Induro AT213 - http://www.bhphotovideo.com/c/product/655221-REG/Induro_472_213_Alloy_8M_AT213_Tripod.html

and

Acratech GV2 - http://www.bhphotovideo.com/c/product/599678-REG/Acratech_1152_GV2_Ballhead_Gimbal_Head.html

for when shooting landscapes near home?


----------



## privatebydesign (Apr 16, 2015)

Get the GP head rather than the GV head http://www.bhphotovideo.com/c/product/650470-REG/Acratech_1155_GP_Ballhead.html

I have used one for years and if I lost it I'd get another tomorrow.


----------



## tolusina (Apr 17, 2015)

privatebydesign said:


> Get the GP head rather than the GV head http://www.bhphotovideo.com/c/product/650470-REG/Acratech_1155_GP_Ballhead.html
> 
> I have used one for years and if I lost it I'd get another tomorrow.


Why the GP over the GV? And, why not the Ultimate?


----------



## privatebydesign (Apr 17, 2015)

tolusina said:


> privatebydesign said:
> 
> 
> > Get the GP head rather than the GV head http://www.bhphotovideo.com/c/product/650470-REG/Acratech_1155_GP_Ballhead.html
> ...



The Ultimate was their first head and is severely compromised for some movements, it works very well as a head for macro work with wildly off center columns, but as a regular head does have limitations.

The GP does everything the GV2 does but it also has the built in leveling feature, that I use a lot, it means you don't have to spend any time getting the tripod level for landscapes and architecture. It also has a much larger range than most traditional leveling bases.

They push it as a stitch panorama tool but the truth is if you ever want your camera level quickly it does a fantastic job even for single shots.

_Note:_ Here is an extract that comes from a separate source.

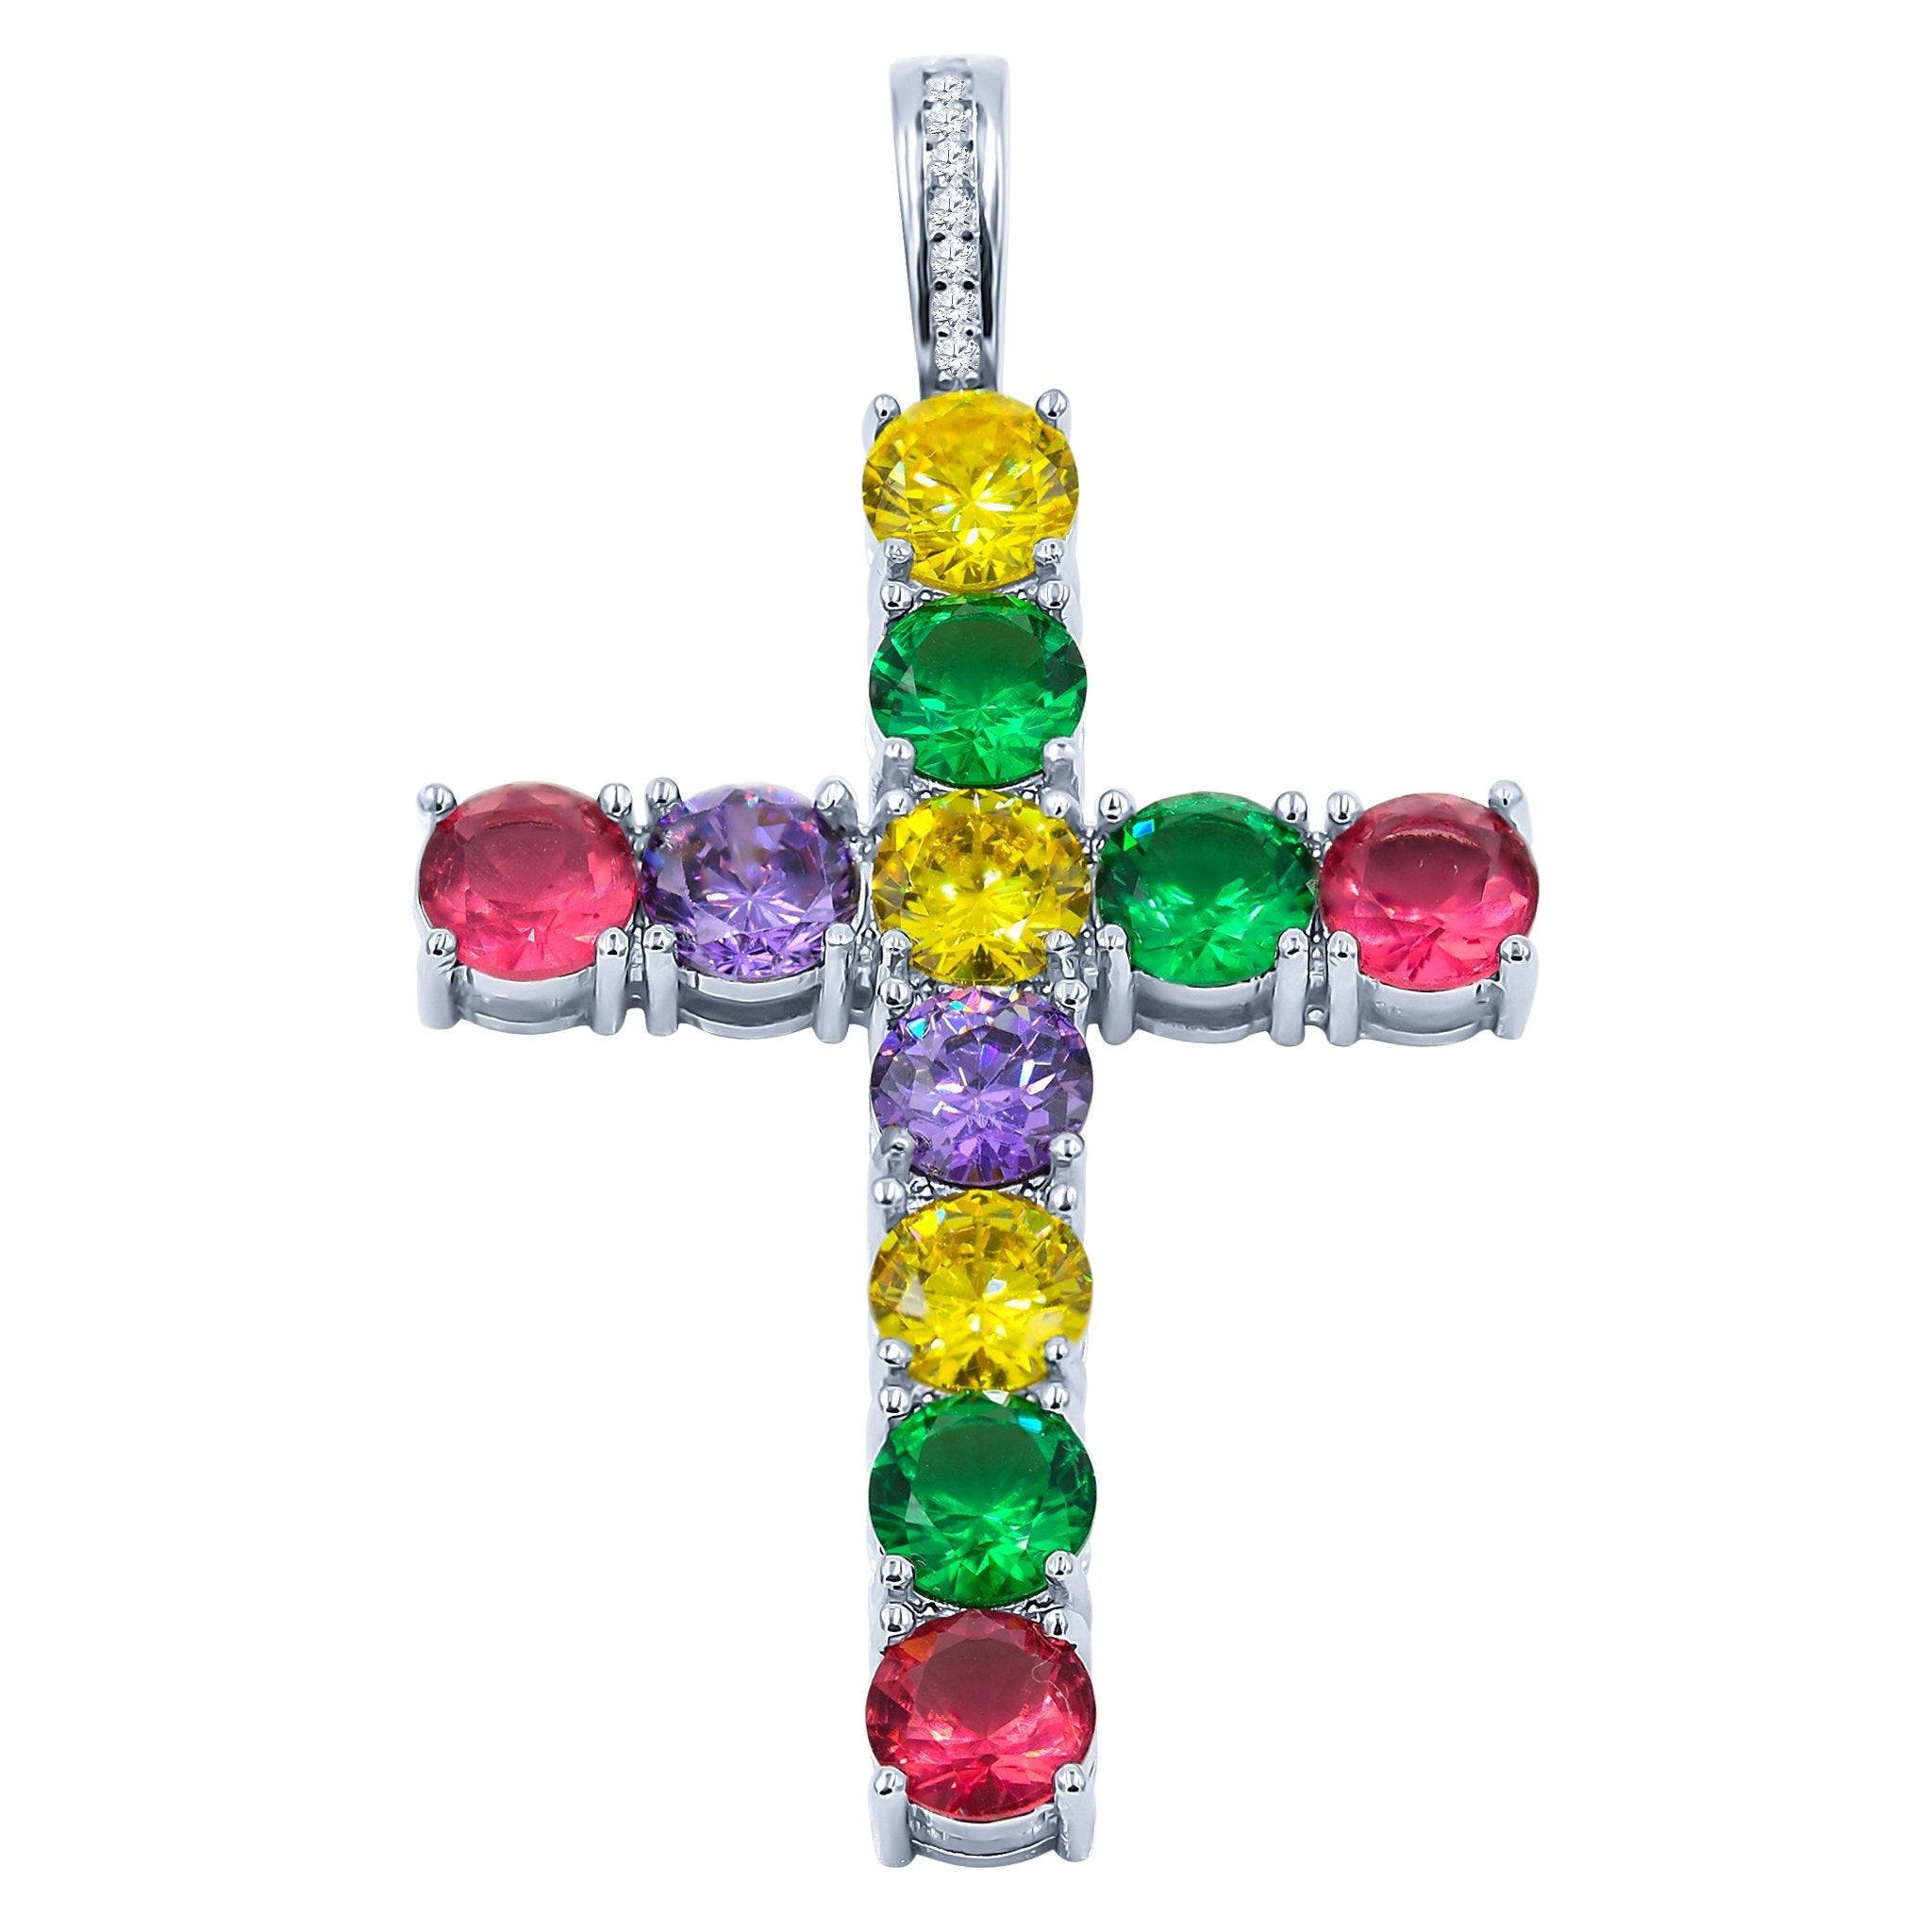 Bling Master Rainbow CZ Brass Pendant | High Quality Jewelry Piece Bijou Her

Take a look at the video here from 3:30 https://www.youtube.com/watch?v=8OffEGXjhbk#t=216


----------



## tolusina (Apr 17, 2015)

privatebydesign said:


> tolusina said:
> 
> 
> > privatebydesign said:
> ...


Sorry, I was having a senior moment.
Yes, the Ultimate fell off my radar quickly as I shopped, especially once I found the Ultimate GP. 
The Ultimate GP does the flip and level, gimbal, same as the GP, the frame at 45 degrees allows more down/less up angle or rotate 180 to reverse that. 

Pricey these Acratechs. I think worth it.
The open design seems to me to have a hideous beauty about it that quite appeals to me.
I can find no flaw what so ever with mine, it's one of those tools that inspires pride of ownership.
Do you suppose there's any way to accidentally break one short of driving over it?


----------



## privatebydesign (Apr 17, 2015)

tolusina said:


> I can find no flaw what so ever with mine, it's one of those tools that inspires pride of ownership.
> Do you suppose there's any way to accidentally break one short of driving over it?



Not that I have found, and mine has had a very uncoddled life! It does have a few chips out of the frame and base but the ball is as smooth as ever and the lock just locks.


----------